How Holding On To The Past Prevented Me From Having A Successful Future.

How Holding On To The Past Prevented Me From Having A Successful Future.

“People who live in the past generally are afraid to compete in the present. I've got my faults, but living in the past is not one of them. There's no future in it.”
Sparky Anderson


“You’re setting yourself up for failure.”

“Do you leave your brain at the door when you come in?”

“You are so dense”

“Oh, he’s only an amateur”

For years I let these stinging words from my past affect me.   I would look back at my life and dwell on the mistakes I’ve made and the people who offended me.  Often I thought “What if I had done things differently?”  I would scroll through my Outlook calendar, holding the up arrow for over a minute just to see what day it would land and wonder “What if I could go back to this day?”  I did what many people do on a daily basis. I was spending today’s energy re-living events in the past, to afraid to face the future.

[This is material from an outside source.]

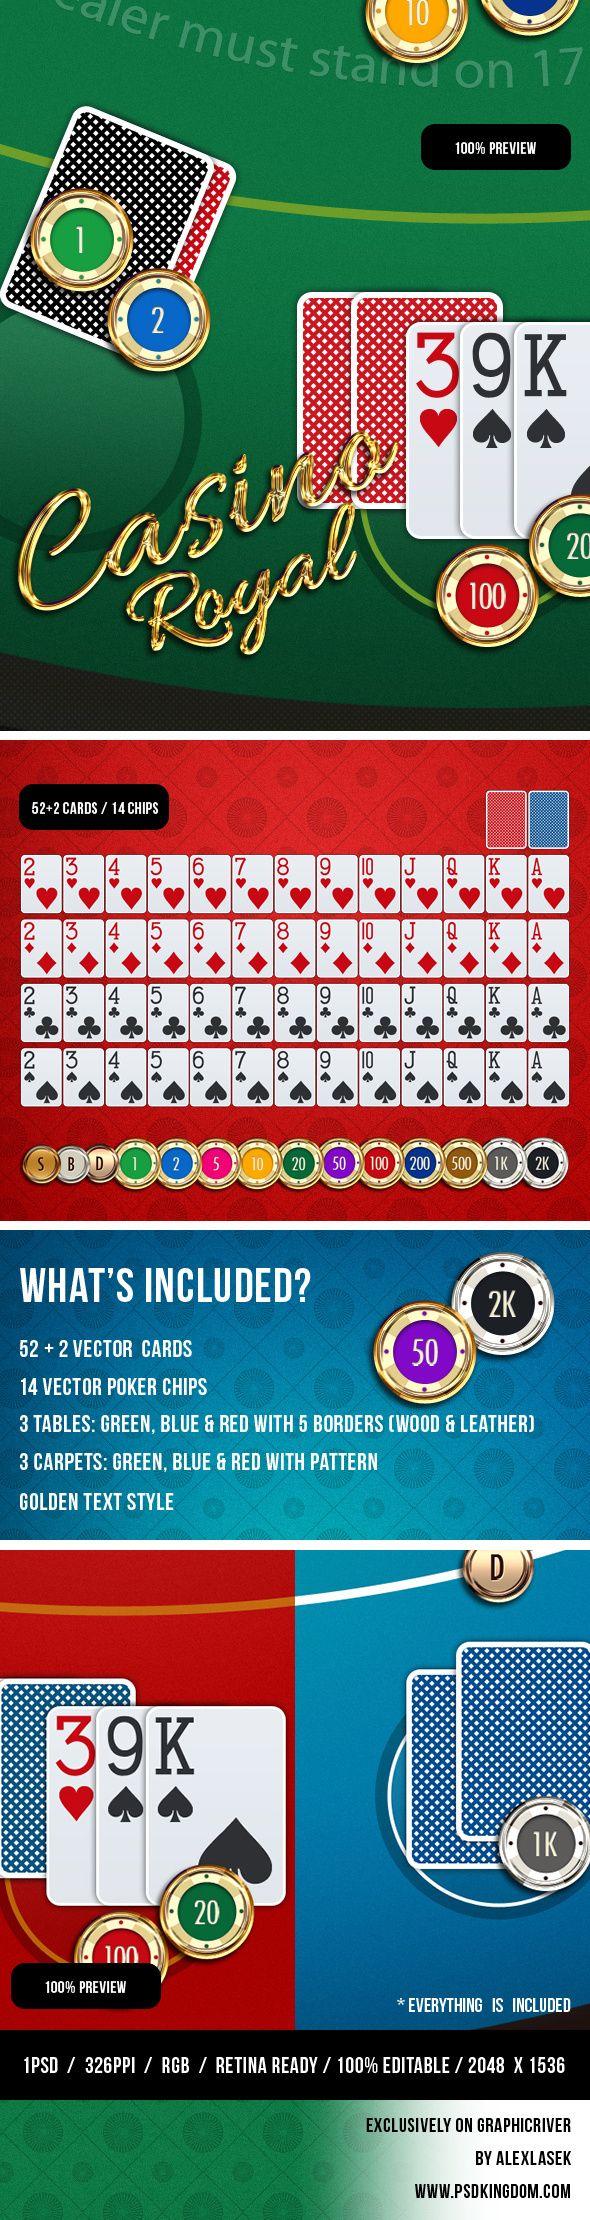 Casino Card Game GUI...

It took me years to eventually figure out that the trouble lay not in others or some brutal hand of fortune.  The problem was me and my inability to cope with the events of my past. By re-living these events over and over again, by taking heed to these words over and over, I was unable to do the one thing I desired most. That was to be happy and move forward.  But constantly looking backward prevented me from doing this and if you are reading this it may be preventing you from doing the same.  There are several things I realized about how living in the past was damaging my ability to succeed, my health, my family, and my ability to socialize with others.  I realized that I had to live in the now and do so in a positive  way. Here is what I learned and why I deiced to no longer live in the past.

Our memories of the past can be flawed by our emotions.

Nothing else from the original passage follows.